Es un barrio que tiene unos 12 años y cerca de mil habitantes. Está a cerca de siete kilómetros del centro de la ciudad y sólo es traspasado por la mayoría de los roquenses en los viajes hacia el río en las vacaciones de verano. Pero allí, en silencio, la población del barrio crece. Los vecinos son empleados de las chacras de la zona que poco a poco instalaron alrededor de sus lugares de trabajo y construyeron ahí sus viviendas, precarias primero y de material después.

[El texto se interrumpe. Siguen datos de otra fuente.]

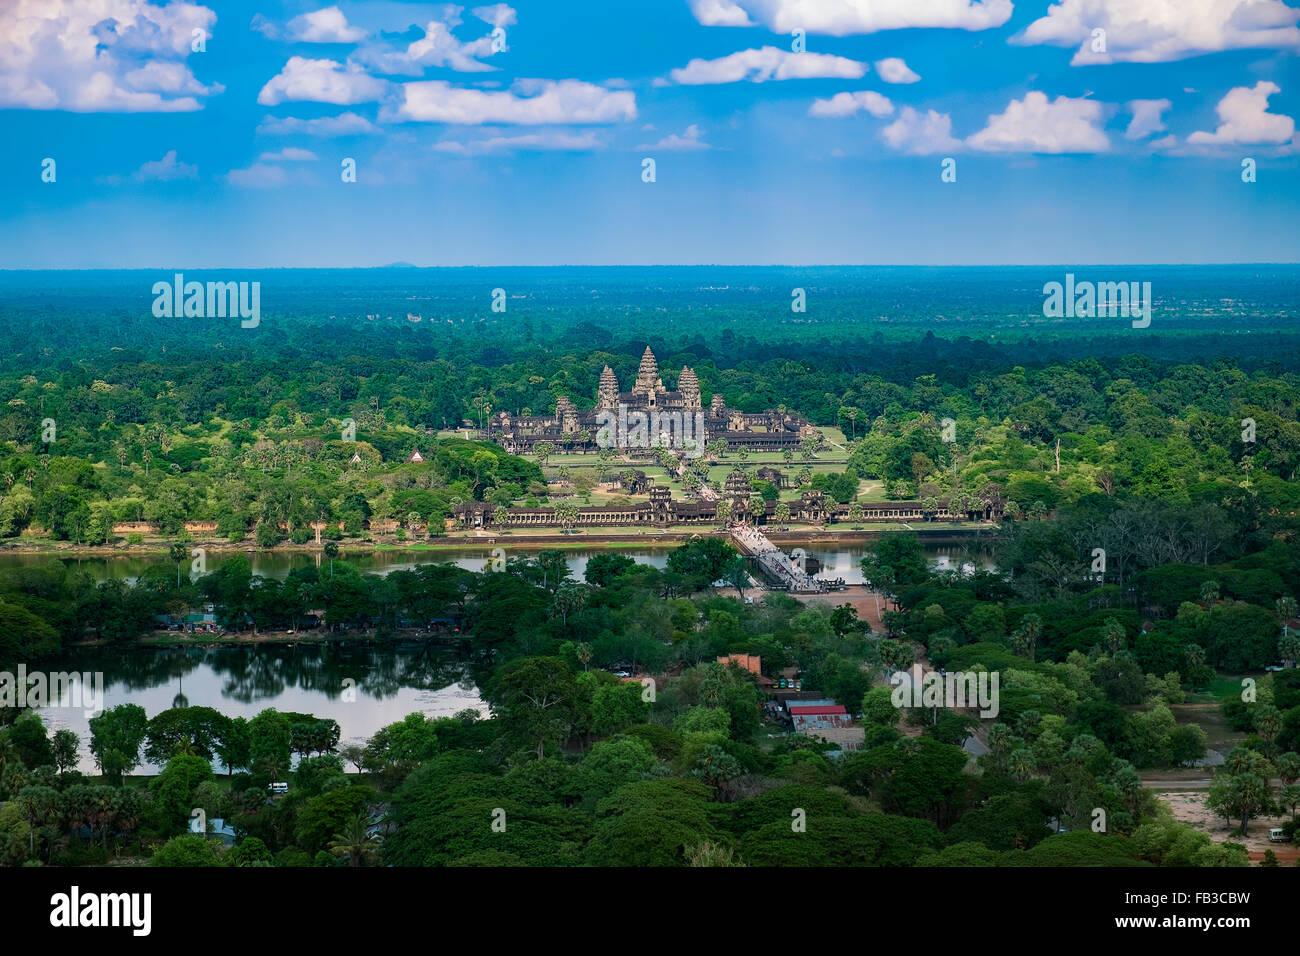 Bella vista aerea di Angkor Wat, Cambogia, sud-est asiatico Immagini Stock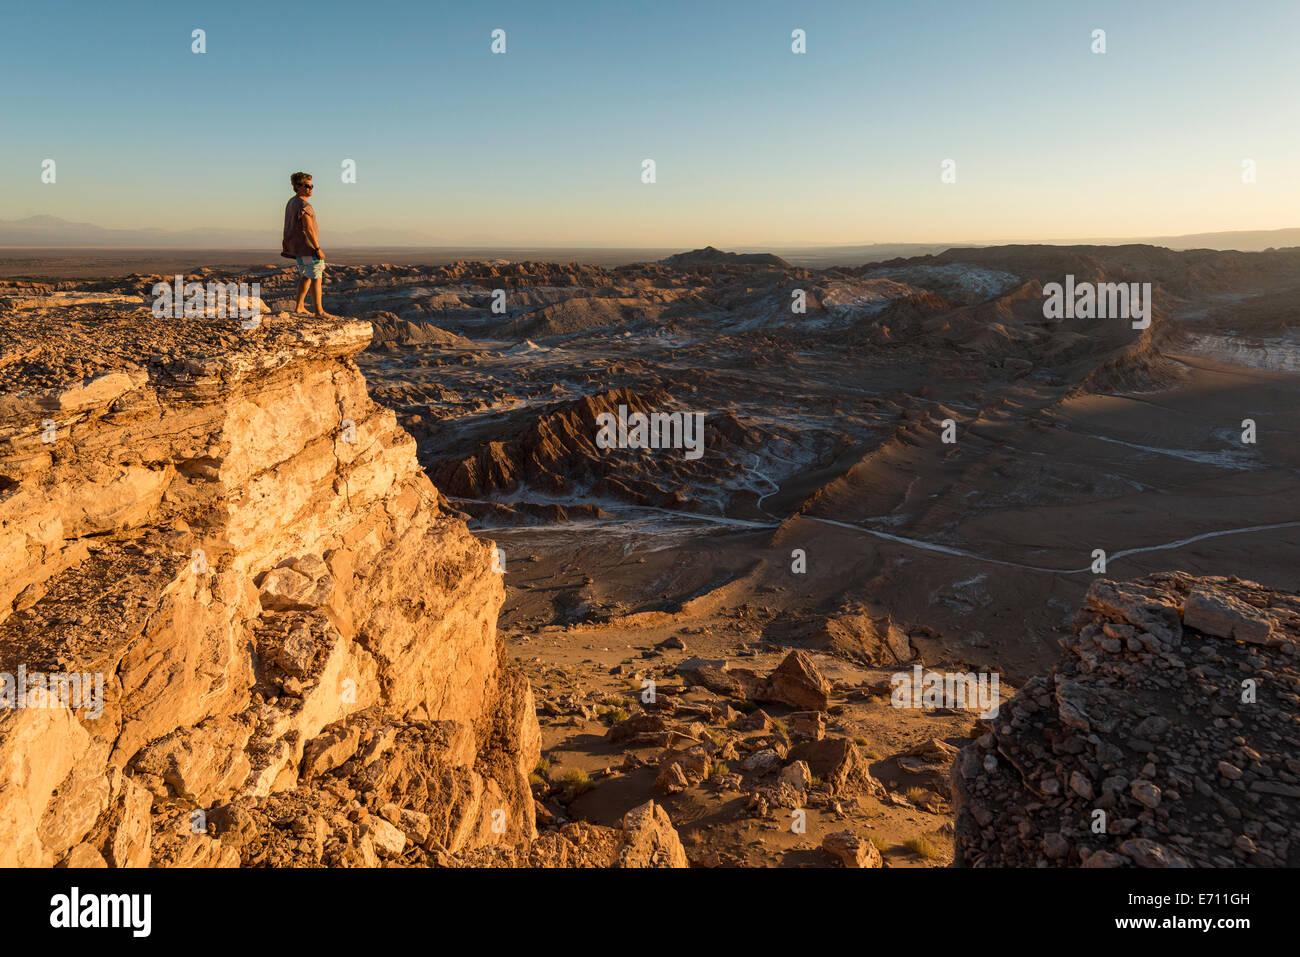 L'homme sur falaise, Valle de la Luna (vallée de la lune), Désert d'Atacama, El Norte Grande, Photo Stock

El barrio tiene dos realidades, según la estación. El calor trae, además de los autos hacia el río Negro, la mayor demanda de trabajo de las chacras y los mejores sueldos del año. Como las ramas de los árboles se van vistiendo de verde, las caras de los vecinos se visten de dignidad y orgullo con el trabajo genuino. Trabajadores “golondrinas” llegan de distintos puntos del país a compartir las horas de labores y las de ocio con los locales. Pero el clima cambia y las hojas caen llevándose con ellas la demanda de mano de obra en la zona rural. El frío es intenso, las noches largas y el hambre... mucho. Demasiado, a veces.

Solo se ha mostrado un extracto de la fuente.